The python tag contains an older Python-based version which supported both MiDaS and Apple Depth Pro depth estimation algorithms.
This app reuses some code from Cybervision, and tries to achieve the same goal. Cybervision uses a "classic" structure-from-motion approach and reconstructs objects from multiple views, while Matrix Eyes uses a pretrained machine learning model to add depth to a single image.
Source image:
Depth data extracted by Matrix Eyes:
Generated stereogram - works best when viewed in fullscreen:
Download a copy of Matrix Eyes from Releases and extract it into in a directory. The following versions are available:
- Windows
- ndarray (slow, CPU-only version)
- candle-cuda (fastest version, using the candle backend and cuDNN libraries)

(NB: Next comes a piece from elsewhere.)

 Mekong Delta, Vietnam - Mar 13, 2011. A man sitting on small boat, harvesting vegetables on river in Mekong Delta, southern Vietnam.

- wgpu-spirv (vendor-neutral GPU version, fails to run on a GPU with 8GB of VRAM)
- Ubuntu
- ndarray (slow, CPU-only version)
- candle-cuda (not tested)
- wgpu-spirv (not tested)
- macOS
- wgpu-spirv (wgpu version, uses 12+ GB when running)

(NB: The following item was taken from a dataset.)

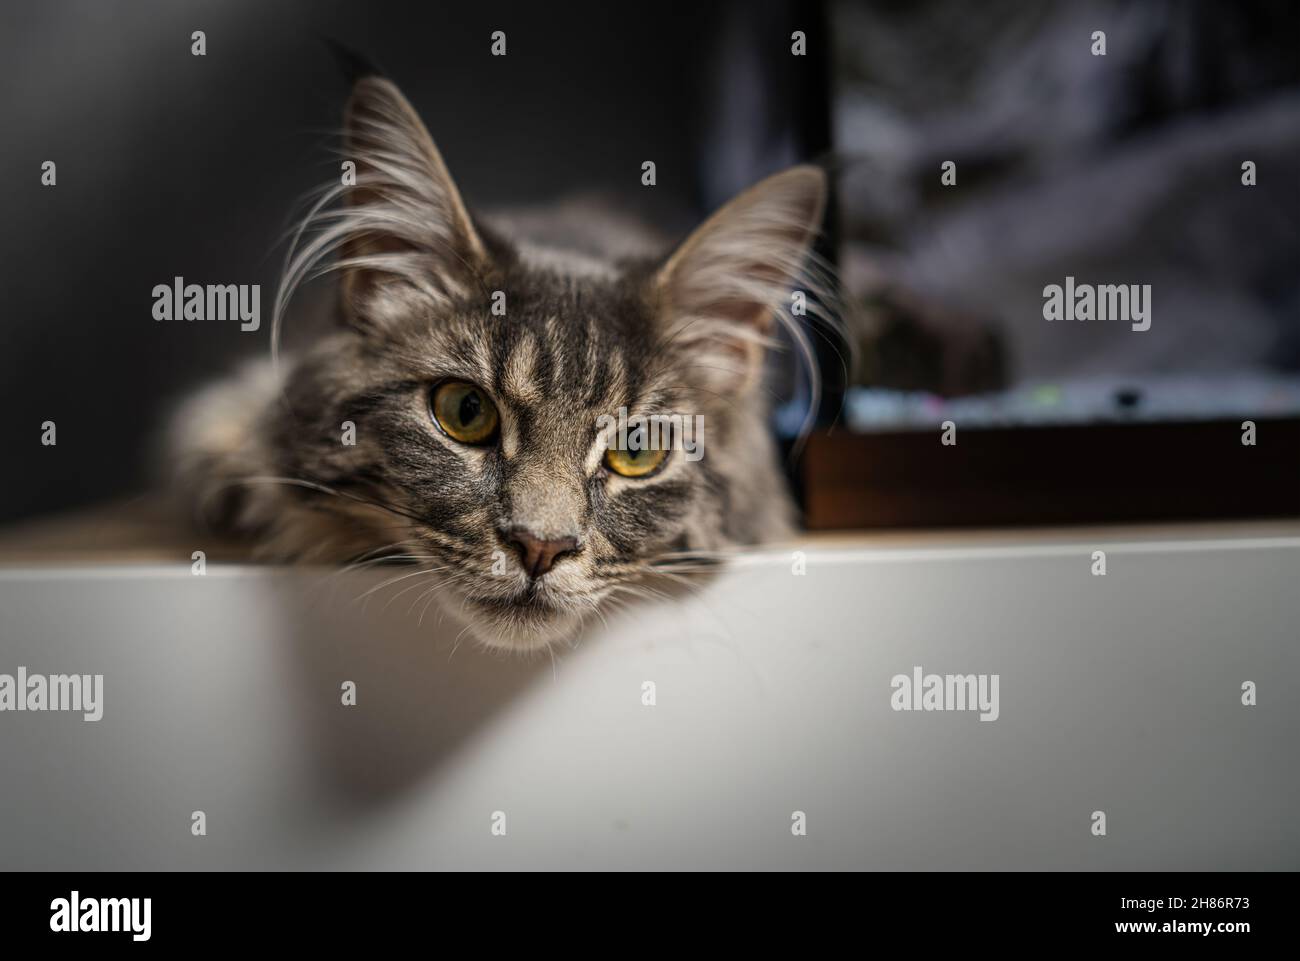 head cat close up on a dark background. Stock Photo

- ndarray-accelerate (slow, CPU-only version that might be using AMX instructions)
For the Windows CUDA version, download the CUDA libraries artifact and extract its contents into the same directory.
Download the model checkpoints:
mkdir checkpoints
curl -LJ -o checkpoints/depth_pro.pt https://ml-site.cdn-apple.com/models/depth-pro/depth_pro.pt
To gerate a depth image, run:
matrix-eyes [--focal-length=<focal-length>] [--checkpoint-path=<checkpoint-path>] [--image-output-format=<depthmap|stereogram>] [--resize-scale=<scale>] [--stereo-amplitude=<amplitude>] [--mesh=<plain|vertex-colors|texture-coordinates>] [--convert-checkpoints] <source> <output>
--focal-length=<focal-length>
is an optional argument to specify a custom focal length for images with perspective projection, for example, --focal-length=26
;
this should be the image's focal length in 35mm equivalent.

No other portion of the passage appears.